- WORK INSTRUCTIONS -
Verbatim copy without images: return all of the data as it stands.

- RECORDED DATA -
++++++++++
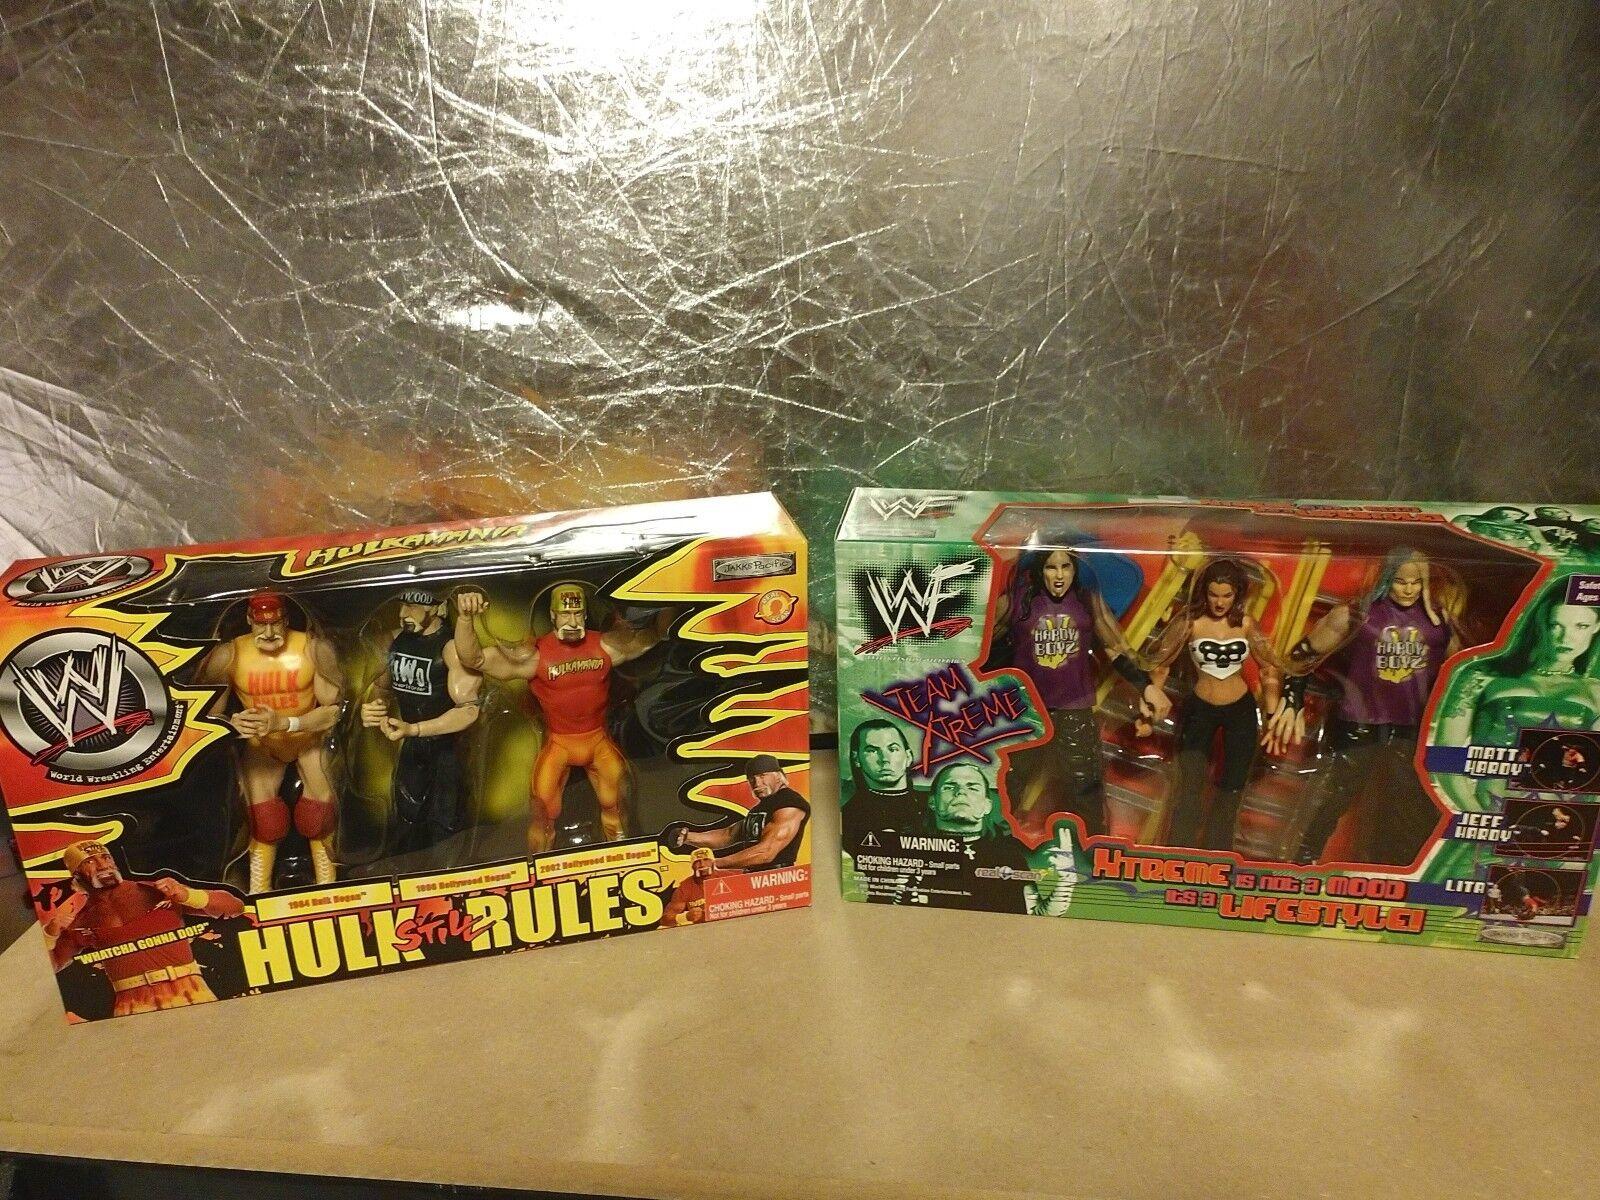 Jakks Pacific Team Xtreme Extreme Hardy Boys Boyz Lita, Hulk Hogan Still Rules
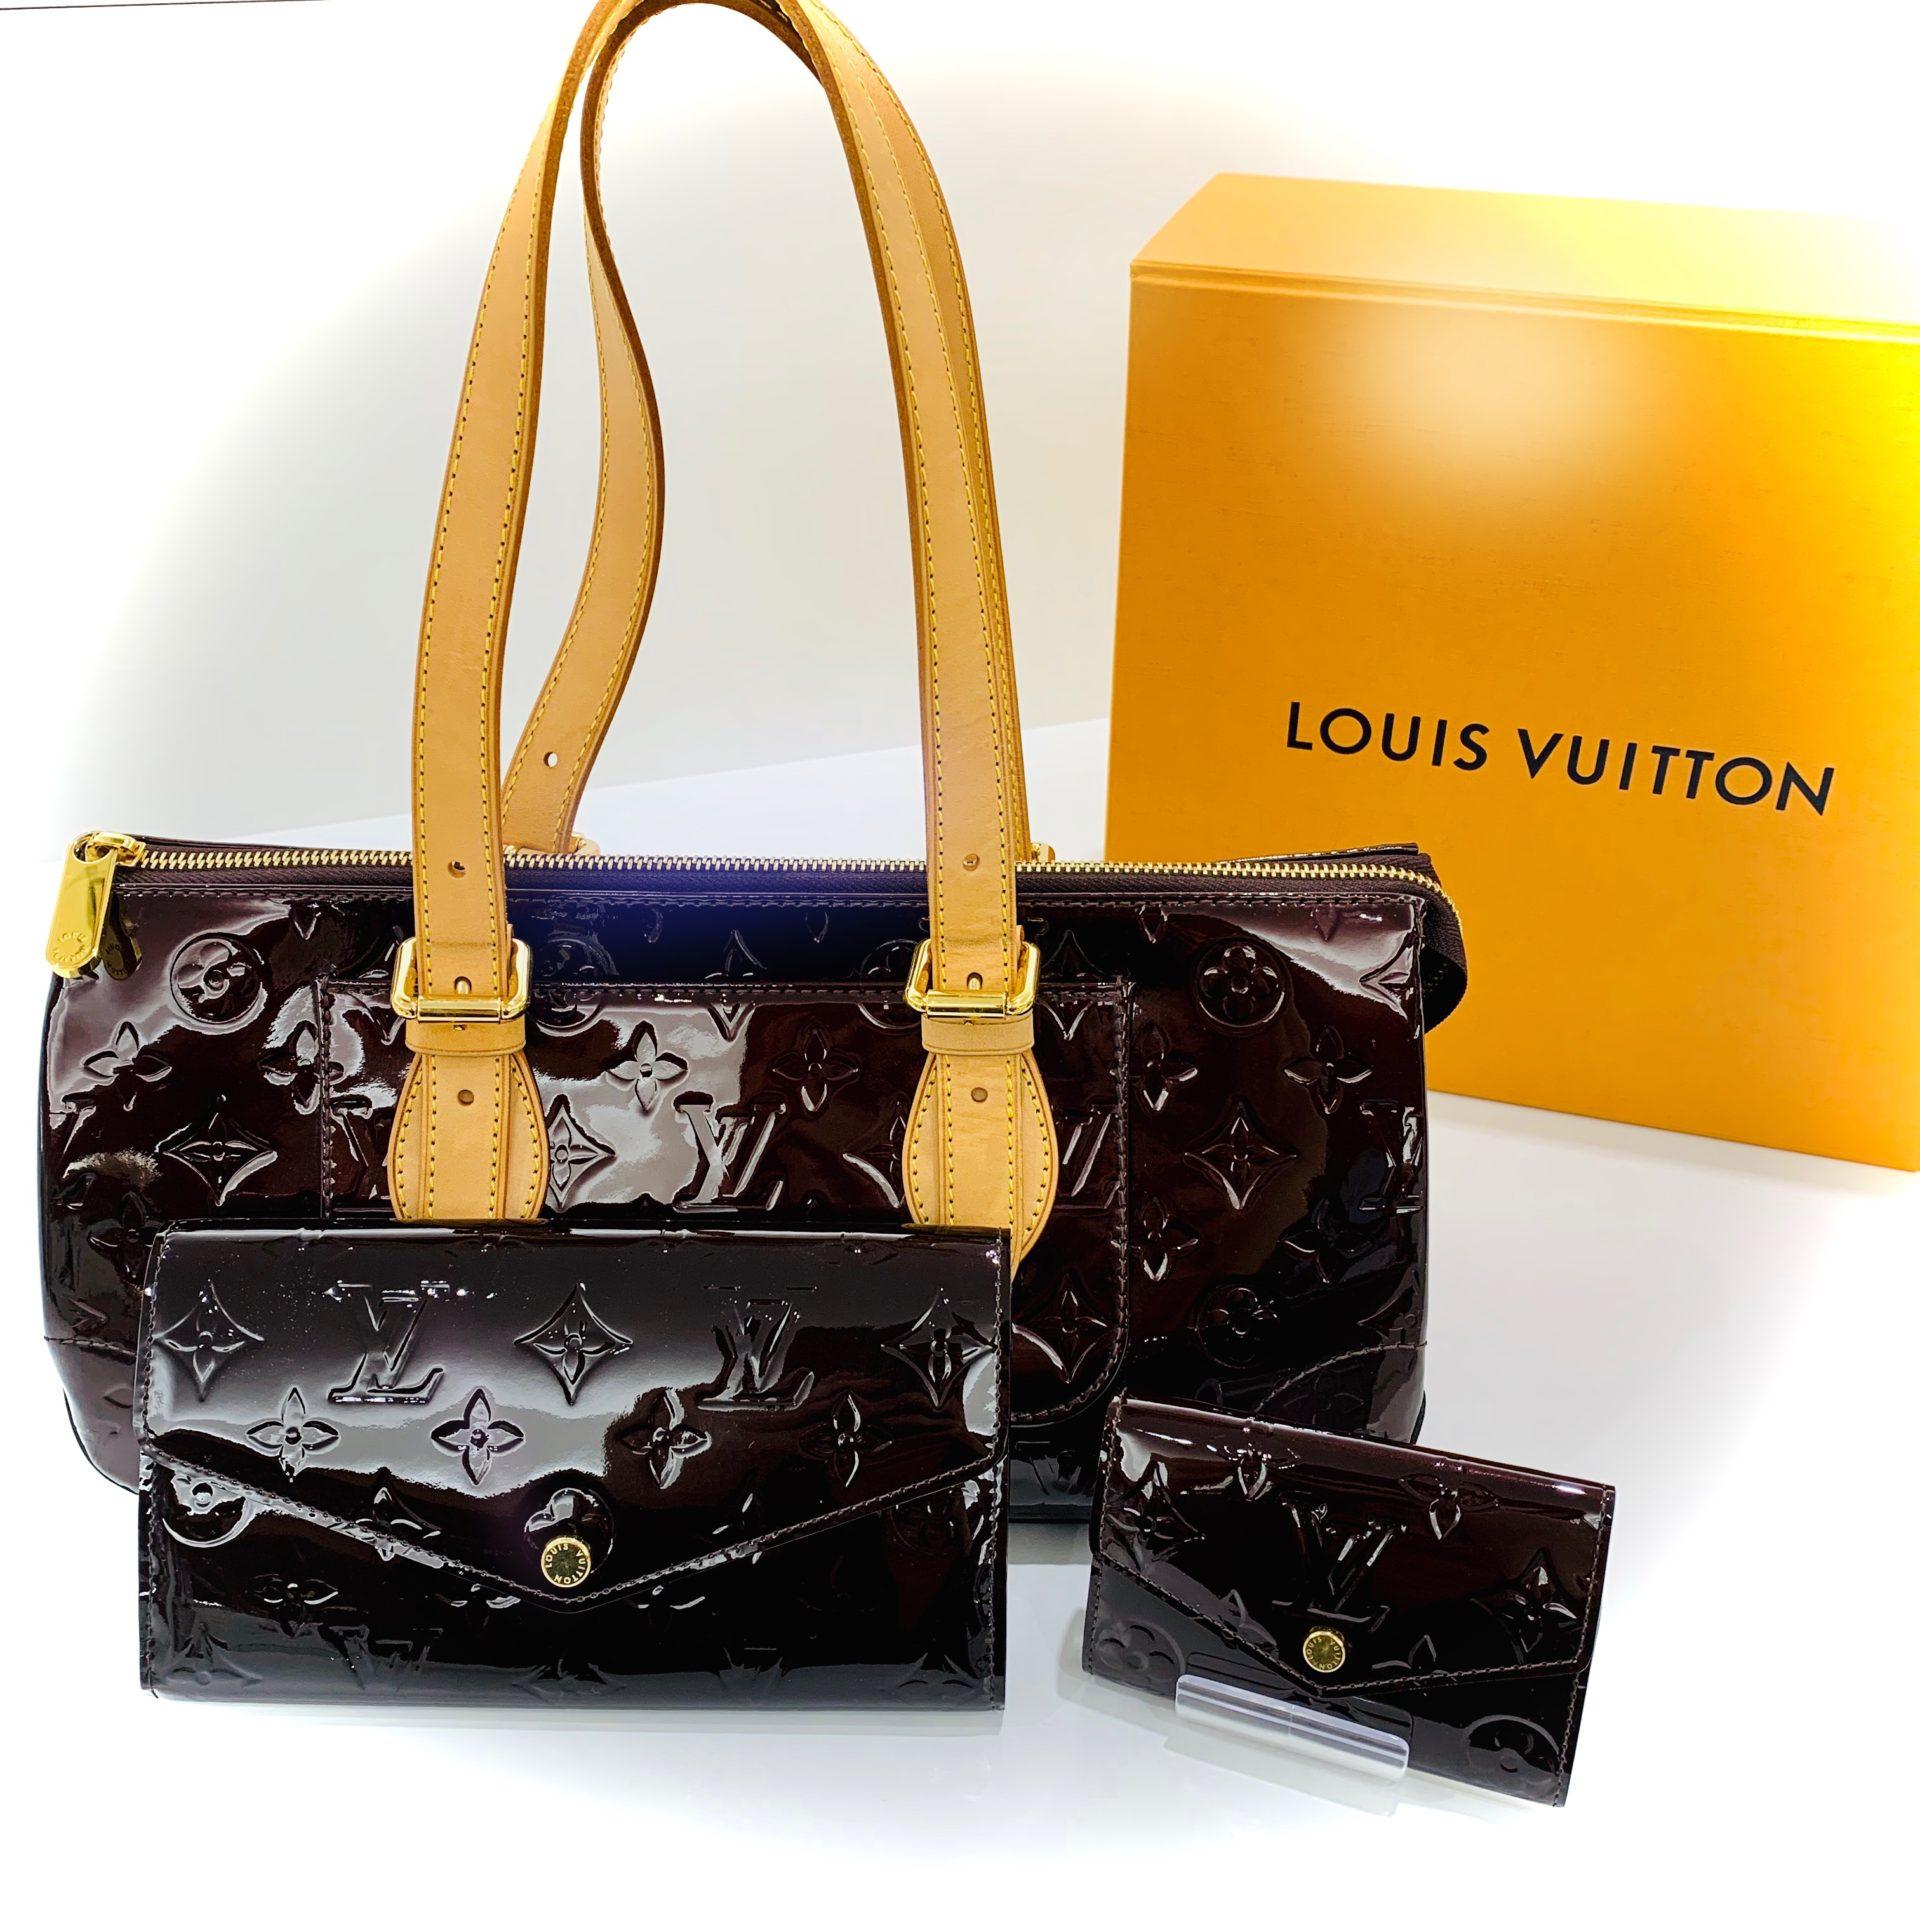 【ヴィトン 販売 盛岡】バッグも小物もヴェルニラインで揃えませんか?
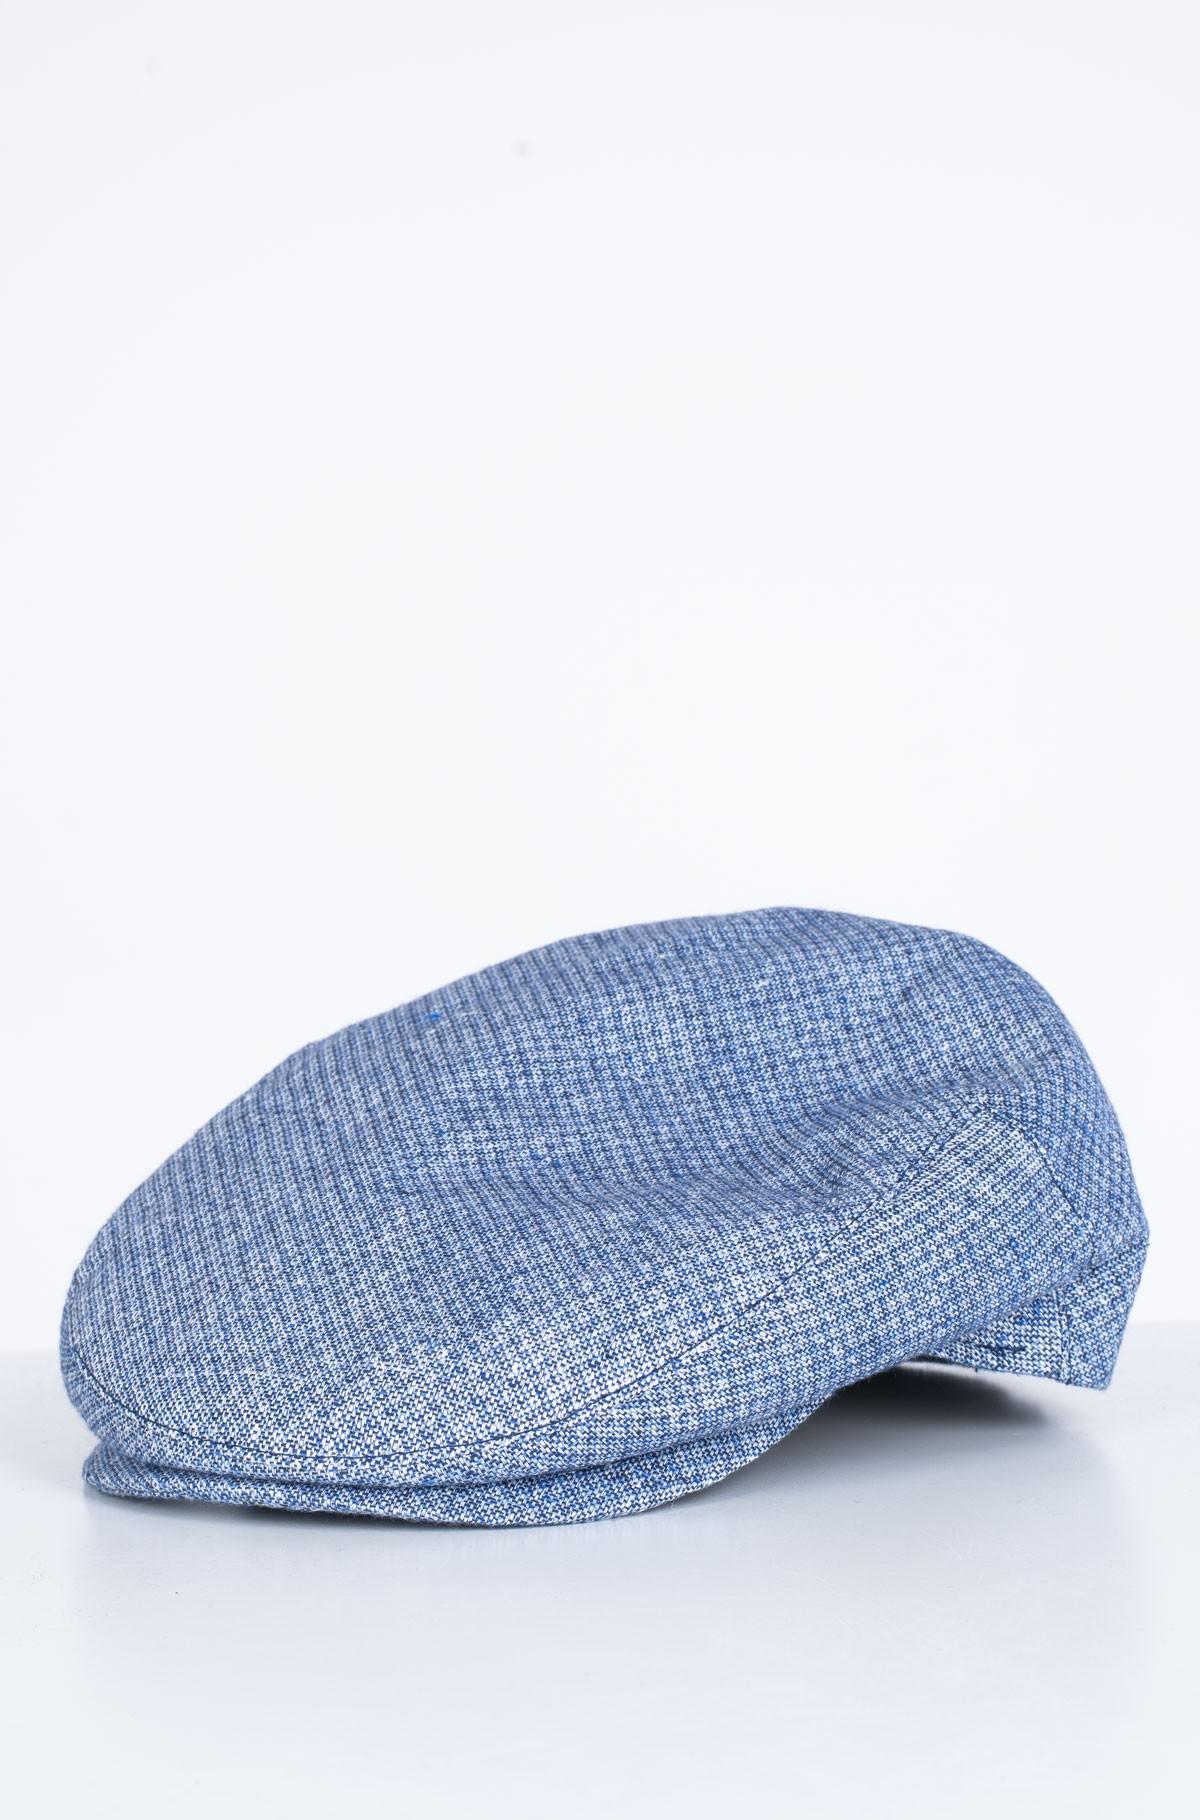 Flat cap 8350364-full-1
++++++++++
- EXERCISE OUTPUT -
 Jakks Pacific Team Xtreme Extreme Hardy Boys Boyz Lita, Hulk Hogan Still Rules
 【ヴィトン 販売 盛岡】バッグも小物もヴェルニラインで揃えませんか?
 Flat cap 8350364-full-1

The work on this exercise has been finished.